The introduction of these lodgers may have served Mimi well, providing additional monies and free pet care, but for John, beside the issues of his privacy and sheer uneasiness of the situation, he was constantly reminded by these young men of the educational path he was expected to take: O Levels, A Levels and then university, like many other pupils at Quarry Bank. The pressure of a grammar school education was compounded by the constant reminder at Mendips to apply and adapt to the homilies of ‘getting on’ in life by ‘building character’ and ‘a need to learn right from wrong’. Mimi never missed an opportunity to self-publicise herself as a caring mother substitute – ‘firm but fair’.
Mimi’s explanation for taking John with the aid of social workers from Julia centred on the ‘love’ she had for him the instant she saw him. This follows Mimi’s fairytale ‘mad dash through German bombs’. In her mind she had no competition in writing the history of John and Mendips. In all the interviews she gave, she never once mentions at any point spending time with John as a baby or toddler, not one word to the effect of buying baby John clothes, a pushchair or toys. Not one word of going on days out with toddler John or trips to the park or cinema, nothing .
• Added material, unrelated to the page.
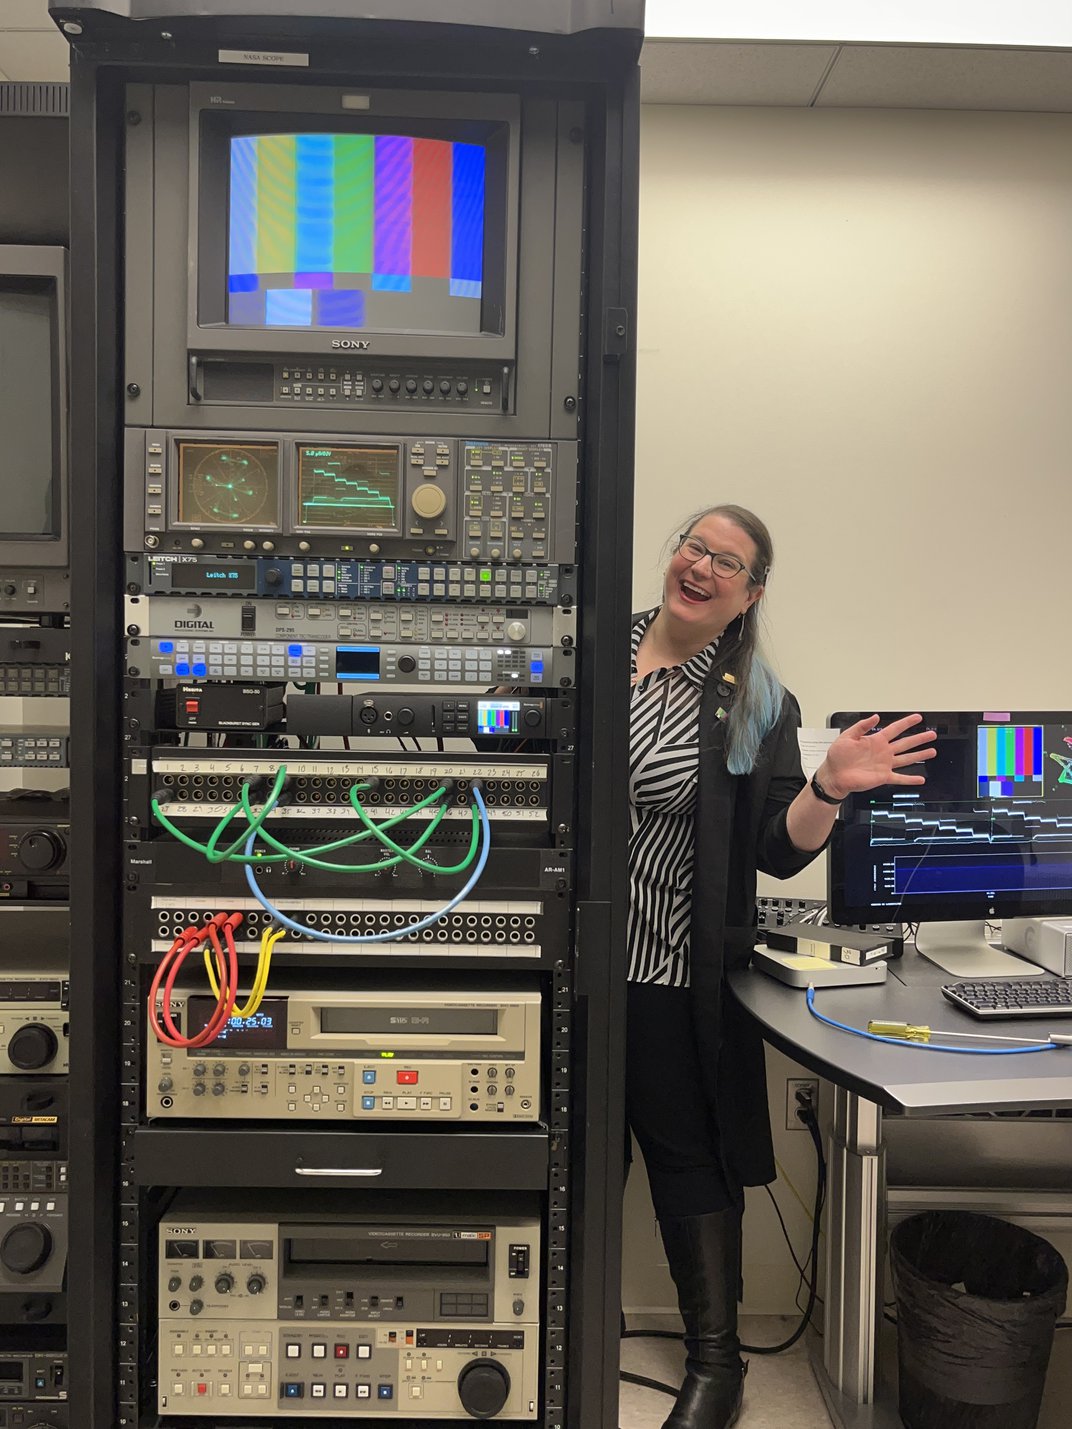 NMAAHC Video Archives Technician, Emily Nabasny smiles and waves to the camera from behind a towering rack of analog video equipment including a TV monitor displaying color bars.

These omissions are strange when one considers the complete ‘accuracy’ Mimi gave to every little detail she had in John’s upbringing from birth to adulthood. Only when John was taken to Mendips was there any recollection of her involvement with the child. The story of Mimi being besotted with John as a newborn baby appears to have been essentially a smokescreen for what she would carry out with the aid of Liverpool Corporation Welfare Department five years later. Mimi took Julia’s child not for any altruistic means, but because she wanted to and she could. The manipulation, threats and total insensitivity to the needs of young John would ultimately leave him psychologically scarred. Later, John would recall that he had a ‘subconscious urge to get above people or out of a rut’ 16and in terms of his childhood, ‘nothing would drive me through all that if I was normal’. 17John’s reflection of his childhood was honest and heart-rending:
The worse pain is that of not being wanted of realising your parents do not need you in the way you need them … When I was a child I had experience of not wanting to see the ugliness, not wanting to see not being wanted. This lack of love went into my mind and into my eyes. 18
John was plainly aware of how the perceived absence of love in his life tainted his perception of the world. A double blow for John was that he was conditioned to judge and dislike his parents and hence be dependent on Mimi, who in turn left him in emotional turmoil. John’s feelings for Julia and Freddie became increasingly complex and confused. Cynthia Lennon, a first-hand observer of Mimi and John’s relationship, commented:
She loved to fuel the image of the stern but loving aunt who provided the secure backdrop to John’s success. But that wasn’t the Mimi I knew. She battered away at John’s self-confidence and left him angry and hurt. 19
Hunter Davies explains what happened when Mimi insisted he sent her a draft copy of The Beatles :
… she had hysterics. The manuscript came back with almost every paragraph which concerned John’s childhood heavily crossed out or amended. In the margins she had written beside John’s own quotes such things as ‘Rubbish’, ‘Never!’. She denied so many of John’s own memories of his childhood, especially if they contradicted her memories of the same people or events. 20
As John slowly developed a capacity for self-reliance, his arguments with Mimi grew. There were painful consequences. John’s emerging self-assurance was closely matched to his confidence in his writing, but this would often be frustrated and criticised by Mimi:
I used to say, ‘Don’t you destroy my papers.’ I’d come home when I was 14 and she’d rooted through all my things and threw all my poetry out. I was saying, ‘One day I’ll be famous and you’re going to regret it’. 21
Mimi went to even greater lengths to curb this sense of independence. At a time when John was forming a stronger relationship with his mother, his visits to Blomfield Road having significantly increased, Mimi stepped up her opposition. Continuous quarrels developed over these visits, which Mimi venomously opposed. One weekend visit turned into a particularly hurtful episode after John threatened to stay with his mother. When John returned to Mendips a couple of days later, he found that Mimi had had his dog Sally, who he had owned since Junior School, destroyed. Mimi’s excuse was that 14-year-old John had threatened not to return and she wasn’t going to walk his dog. So, in the space of a weekend, she had no choice but to have the dog put down. John’s life-long friend Pete Shotton recalls that it was ‘one of the few times [he] ever saw John cry, after he returned home from Julia’s house and found Sally missing’. 22John’s ‘big brother’, cousin Stanley, believed that the fate of the dog, ‘which he adored’, dramatically affected him. His feeling towards Mimi changed, hardened and ‘he never forgave her for that’.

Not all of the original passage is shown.